Humza Yousaf resigns as First Minister of Scotland

Scotland's First Minister, Humza Yousaf, resigned on Monday in the latest setback for his Scottish National Party, which has been engulfed in a slow-burn crisis over a funding scandal that erupted after his Popular leader Nicola Sturgeon resigned last year.

Yousaf's departure had looked increasingly inevitable after he gambled on a power-sharing deal with the Scottish Green Party last week, angering its leaders and leaving him at the head of a minority government with no obvious allies. His opponents then pushed for two motions of no confidence, which were due to be tabled by the end of the week.

After exploring his options over several difficult days, Yousaf, who was Scotland's first Muslim leader, said he would resign in a speech on Monday at Bute House in Edinburgh, the official residence of Scotland's first minister.

“After spending the weekend reflecting on what is best for my party, for the government and for the country I lead, I have concluded that restoring our relationship across political divides can only be done with someone else at the helm,” Yousaf said in a brief and sometimes emotional statement.

He added: “It is my intention to continue as prime minister until my successor is elected.”

His resignation came just over a year into leading the SNP, which has dominated the country's politics for more than a decade and is campaigning for Scottish independence.

Yousaf took over after the surprise resignation of Ms Sturgeon, a senior figure in British politics, who announced her departure in February last year. At the time Yousaf was seen as the candidate for continuity.

But that became less important when Ms Sturgeon's husband, Peter Murrell, was arrested and subsequently charged with misappropriating funds while he was the party's long-serving chief executive. Ms Sturgeon was also arrested in the same investigation but she has not been charged.

With the funding scandal looming over the SNP, Yousaf has struggled to establish himself as leader, and the crisis has coincided with the fading prospects for a new referendum on Scottish independence, the party's main concern. In a 2014 referendum, Scots voted to remain in the United Kingdom by a majority of 55.3%, and polls suggest that just over half of voters continue to reject independence.

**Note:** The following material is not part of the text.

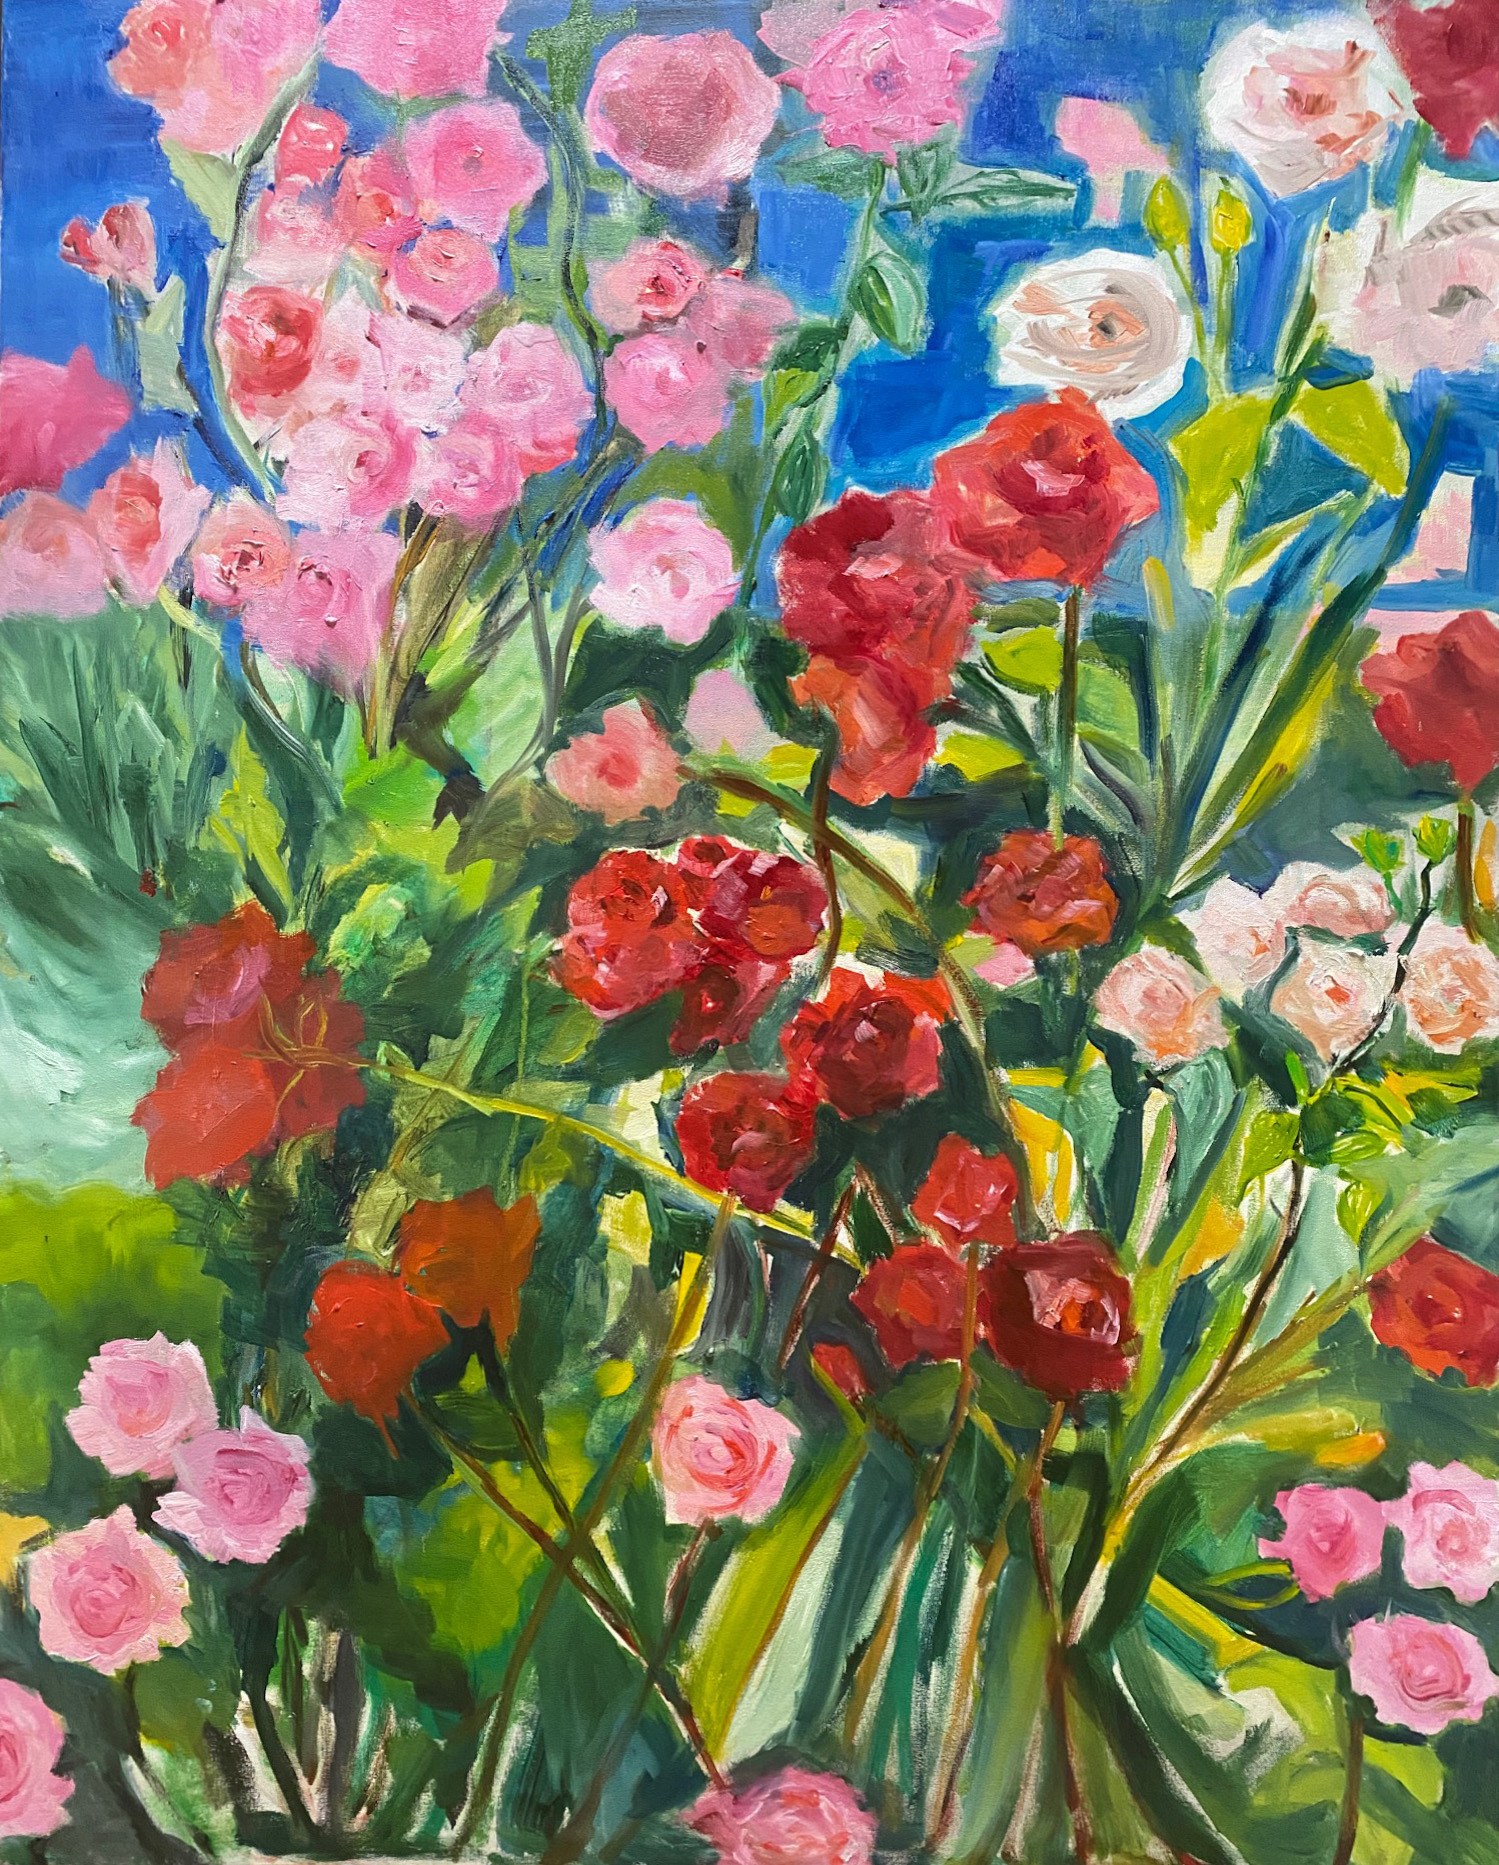 Petra Feber_Pleinair_Rose garden 2021_80x100_oil on canvas

The SNP's problems have been a boon to Britain's main opposition Labor Party, which once dominated Scottish politics but saw its support collapse in the mid-2010s amid growing debate over Scottish independence.

Labour's recent revival in Scotland could yield a number of seats in the general election scheduled for later this year, which would significantly ease party leader Keir Starmer's path to 10 Downing Street, the prime minister's official home British.

But the latest blow to the SNP – Yousaf's resignation – was largely self-inflicted.

The party's power-sharing deal with the Greens, signed by Sturgeon in August 2021, allowed the SNP to retain power after emerging as the largest party in that year's election but failing to gain the absolute majority.

In recent weeks the Greens had become disgruntled after the Scottish Government backed away from a pledge to reduce greenhouse gas emissions by 75% by 2030.

There was also tension between the parties over NHS Scotland's decision to suspend prescribing puberty blockers and other hormone treatments for minors. This followed an independent review of gender services in England by Hilary Cass, a paediatrician.

The Greens had planned to consult their members on whether to remain in the coalition, but last week Yousaf pre-empted that decision by terminating the agreement himself.

He appeared to take it for granted that he could continue to lead a minority government with the tacit support of the Greens, but the peremptory manner in which he struck the deal infuriated the party. When the Scottish Conservative Party forced a vote of no confidence in Yousaf, expected this week, the Greens said they would vote against him.

Labor then called for a vote of confidence in the Scottish Government, presenting two huge hurdles for Yousaf to overcome.

His failure to secure new support underlined the fractious nature of Scottish politics. He could have kept his job if he had reached a deal with Ash Regan, a former rival who left the SNP to join another pro-independence party called Alba. But Alba is led by Alex Salmond, a former first minister and SNP leader who had a spectacular falling out with Ms Sturgeon, his one-time protégé.

The prospect of a deal with Alba appeared too much for the SNP's progressive wing, which left a new form of deal with the Greens as the clearest option to save the government and avoid a premature Scottish election.

But the Greens were in no mood to forgive Yousaf. After finalizing their deal last week, Lorna Slater, co-leader of the Greens, accused the SNP of “an act of cowardice”, adding that Yousaf “could no longer be trusted”.

Mr Yousaf admitted on Monday that he had “clearly underestimated the level of pain and upset” he had caused. “For a minority government to govern effectively and efficiently, trust when working with the opposition is clearly key,” he said.

He added that he was “not willing to trade my values ​​and principles or make deals with anyone simply to maintain power,” paid an emotional tribute to his family and noted that politics is sometimes a “brutal business.”